Furthermore, mechanical properties of silk films were analyzed. Only water vapor annealed flat silk films were subjected for this analysis. Stress-strain curves suggested higher slope of AAF

films as compared with BMF (Figure 2.3A). The representative load-displacement curves are also shown in Figure 2.4. AAF films were stronger/stiffer and showed ~2-fold higher modulus (32.54

± 9.51 MPa) than BMF films (16.79 ± 0.51 MPa) (Figure 2.3B, p<0.01). A similar trend was observed for stress at failure (3.09 ± 0.65 MPa vs 8.54 ± 1.04 MPa for BMF vs AAF films respectively) (Figure 2.3C, p<0.01); however, no significant difference was observed for strain at failure (0.25 ± 0.08 MPa vs 0.30 ± 0.12 MPa for BMF vs AAF films respectively) (Figure 2.3D).

Tensile cyclic testing of silk films was also performed to obtain hysteresis behavior. BMF films did not exhibit much of energy loss between first and last cycle (Figure 2.3E); however, strain hardening and energy gain was observed for AAF films until fifth cycle followed by plateau for last five cycles (Figure 2.3F).

Figure 2.3. Mechanical properties of silk films. (A) Representative stress-strain curves showing the slope of BM and AA flat hydrated films. (B) Modulus of silk films calculated from stress-strain curve slope. (C) Comparison of stress at failure values for both silk films. (D) Comparison of strain at failure values for both silk films. (E) Representative tensile cyclic analysis of BM silk films. (F) Representative tensile cyclic analysis of AA silk films. (##p<0.01, n.s.=not significant)

Figure 2.4. Representative load-displacement curves of hydrated silk films.

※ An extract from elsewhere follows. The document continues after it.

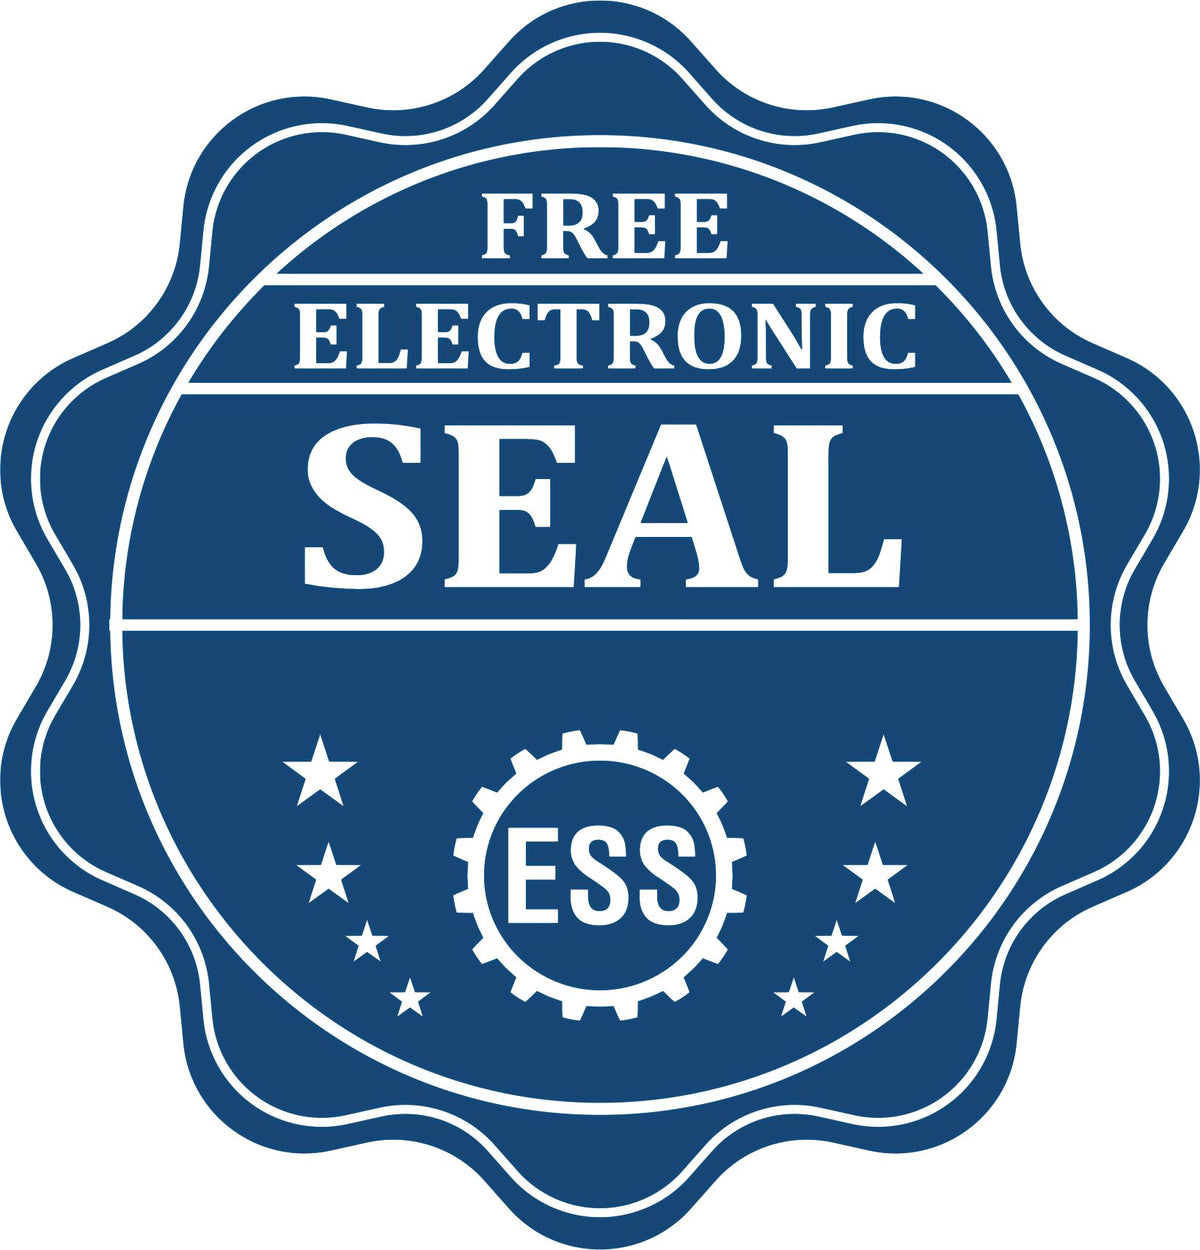 A badge showing a free electronic seal for the Long Reach Connecticut Land Surveyor Seal with stars and the ESS gear on the emblem.

Chemical structure analysis was further performed to investigate the secondary structure composition of silk films (Figure 2.5A). Silk fibroin solution (AAS and BMS) and water vapor annealed films (AAF and BMF) were subjected for this analysis. All specimen showed characteristic peaks in amide-I (1610-1660 cm^-1), amide-II (1510-1560 cm^-1) and amide-III (1210- 1260 cm^-1) regions [247]. On comparing the samples before (AAS, BMS) and after (AAF, BMF) water vapor annealing, a blue shift was observed in amide-I region. Alternatively, amide-II and amide-III regions demonstrated a red shift, a characteristic of β-sheet transition after water vapor annealing, making silk films water stable [247]. In order to quantify the secondary structure composition in silk solution and water stable silk films, we de-convoluted the amide-I region between 1600-1700 cm^-1 region (Figure 2.5B). The percentage of secondary structures after water vapor annealing is summarized in Table 2.3. The blue shift noticeable in the amide-I spectra of water annealed films meant an increase anti-parallel β-sheet and cumulative β-sheet content was much higher than in fibroin solution indicating water stability of films consistent with previous reports. The higher percentage of β-sheet in non-mulberry silk is attributed to the poly-alanine present in AA.

Table 2.3. Effect of water vapor annealing on silk secondary structure composition.

Secondary structures Percentage (%)

BMS AAS BMF AAF

β-sheets 44.7 58.1 29 33.2

α-helices 7.7 23.1 - 1.7

Loops 36.2 5.9 16.3 -

Antiparallel β-sheets - 1.7 34.9 61.9

Disordered structures 11.3 11.2 19.8 3.2

Figure 2.5. Fourier transform infrared (FTIR) spectra of silk films. (A) Spectrographs showing peak shifts in amide-I, II and III peaks before and after β-sheet induction: BM solution (BMS). AA solution (AAS), films after β-sheet induction (BM film (BMF), AA film (AAF)). (B) Deconvolution of amide-I peaks to determine secondary structure through second order derivative of amide-I spectra for i) BMS, ii) AAS, iii) BMF and iv) AAF.